[Records excerpted from a collection]
== Segment start ==
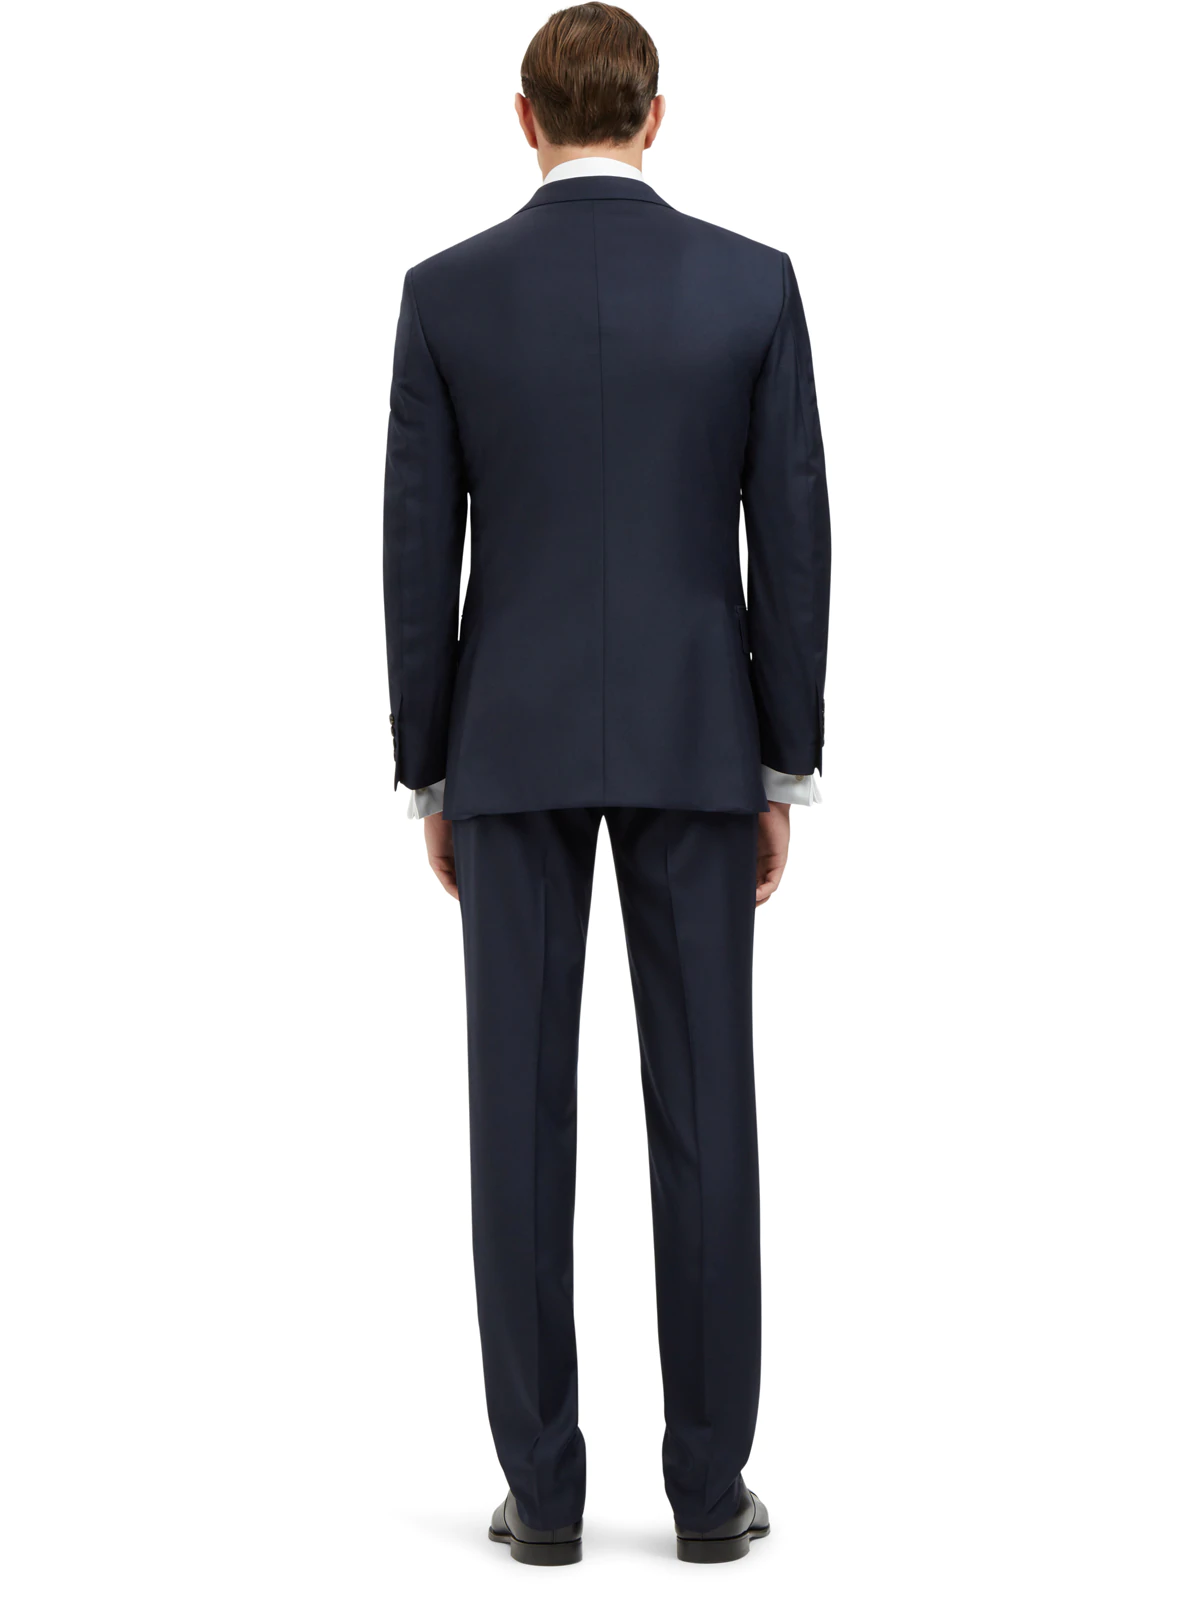 ダークグレー スーパー120 ウールツイル クラシック スーツ ネクタイ付き
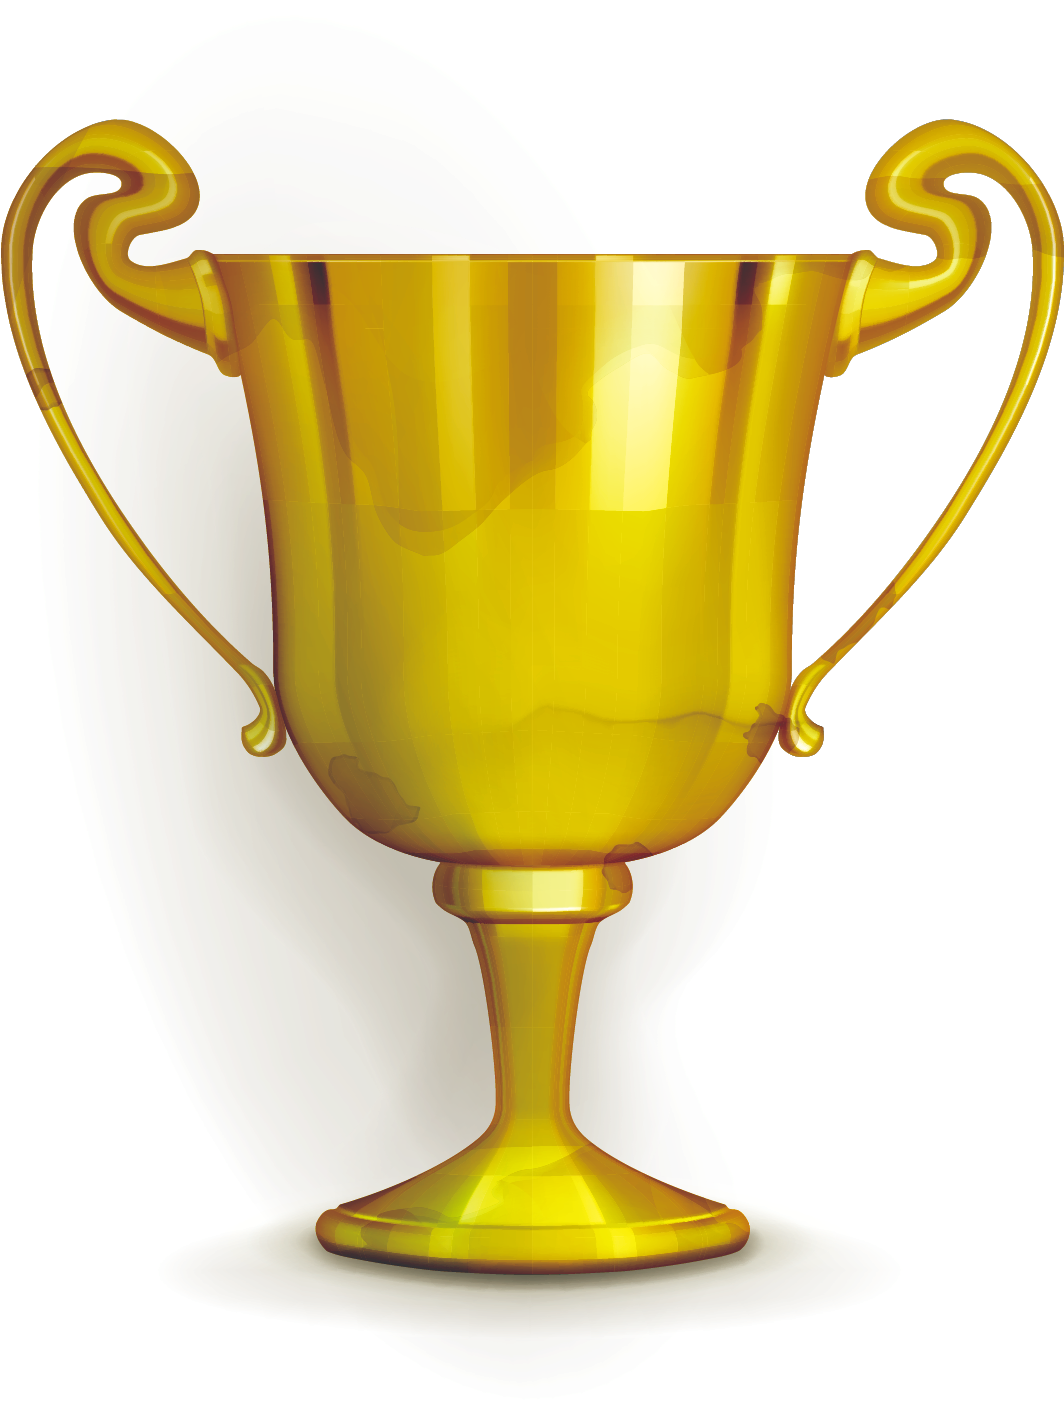 Gold Medal Trophy Cup - Gold Medal Trophy Cup (1521x1589)
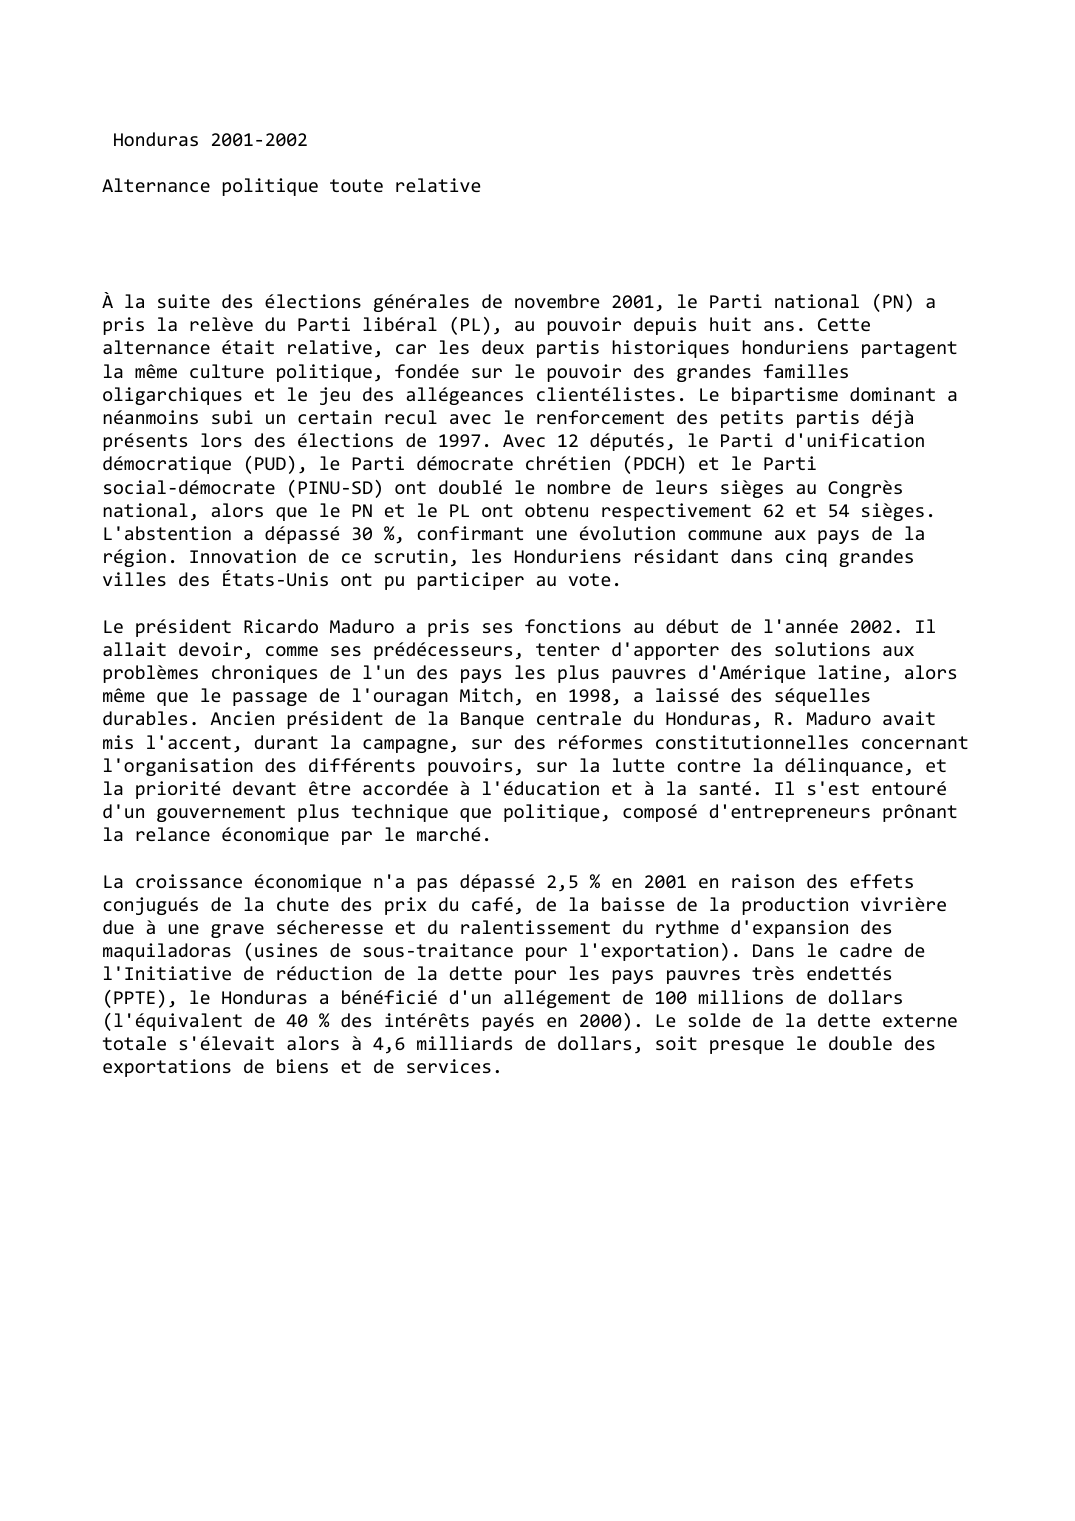 Prévisualisation du document Honduras (2001-2002)

Alternance politique toute relative
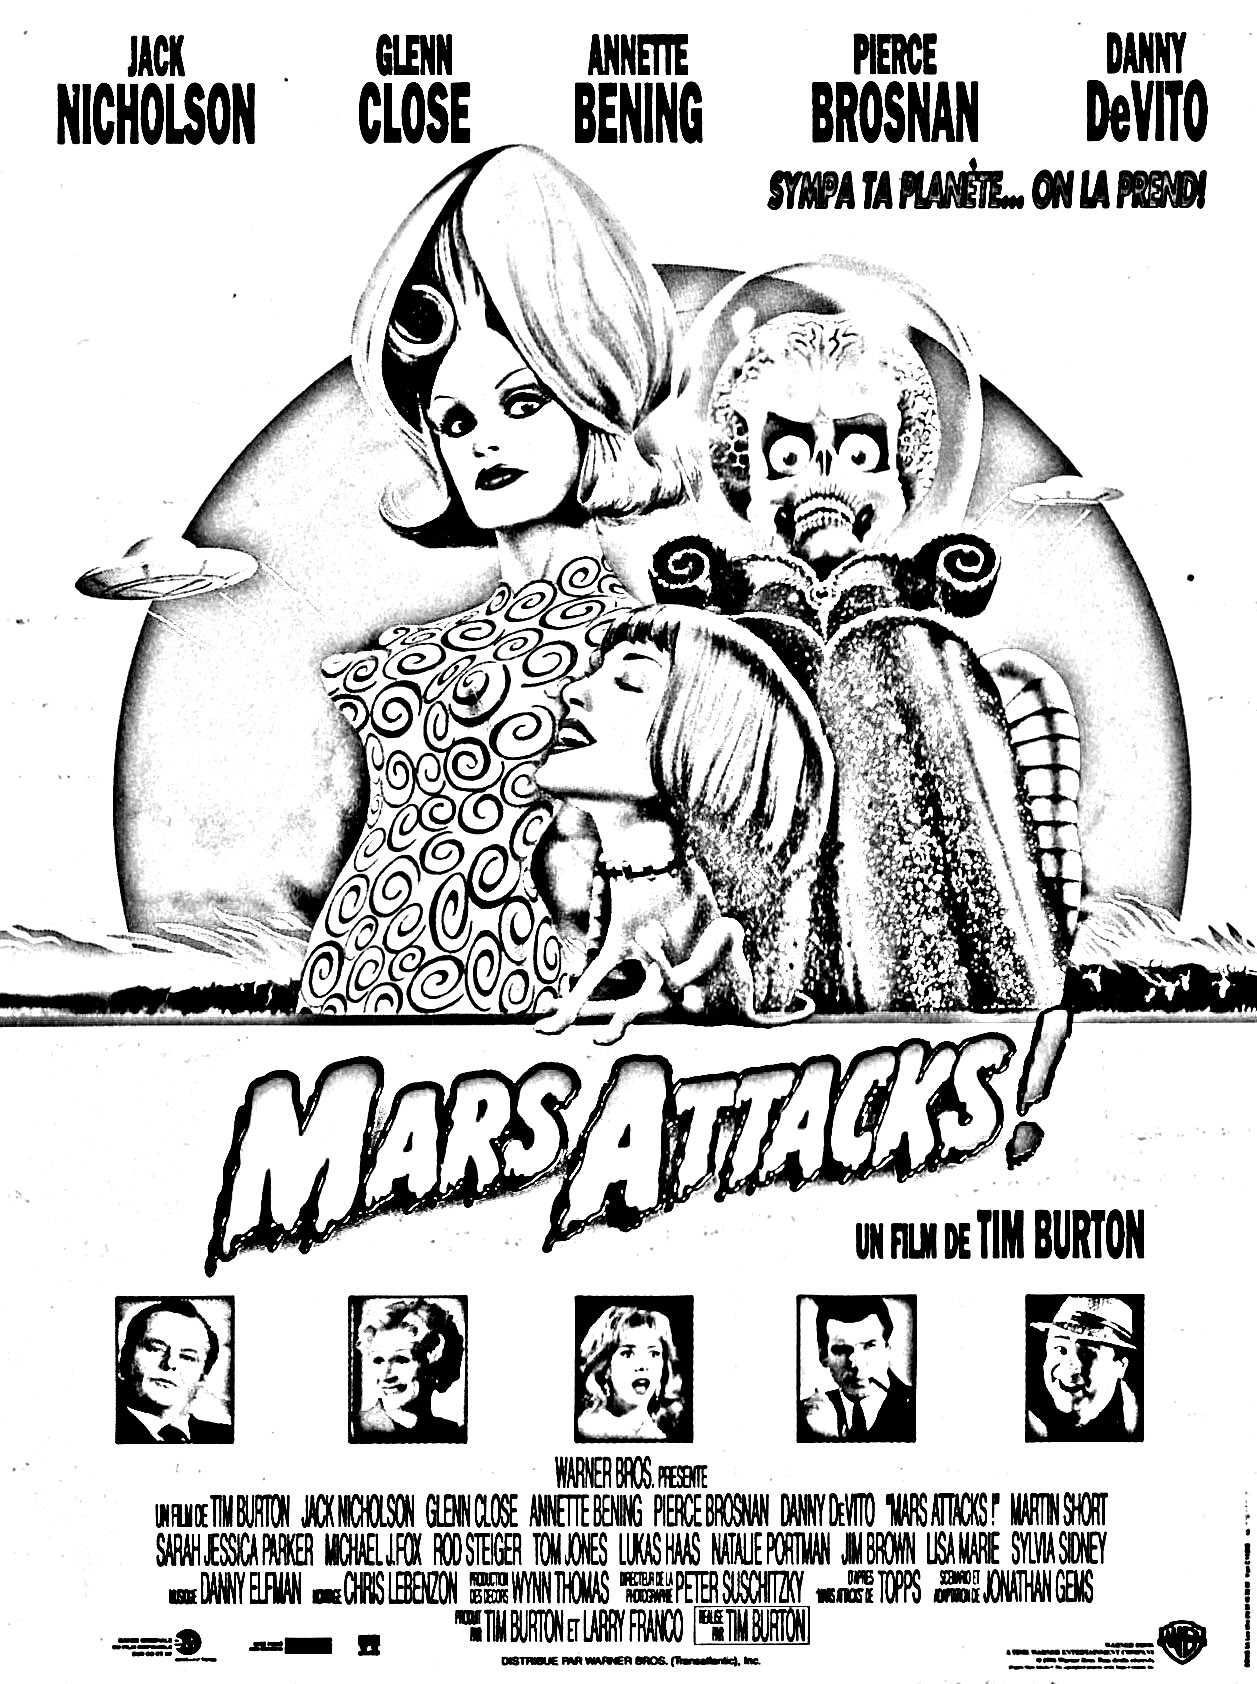 1996 Tim Burton movie Mars Attacks !
== Segment end ==
[PROBLEM] With the pictures excluded, the line containing "Gold Medal Trophy Cup - Gold" and every line after it through the end of the data above are to be transcribed exactly, and nothing more.

[RESPONSE BELOW]
 Gold Medal Trophy Cup - Gold Medal Trophy Cup (1521x1589)
 Prévisualisation du document Honduras (2001-2002)

Alternance politique toute relative
 1996 Tim Burton movie Mars Attacks !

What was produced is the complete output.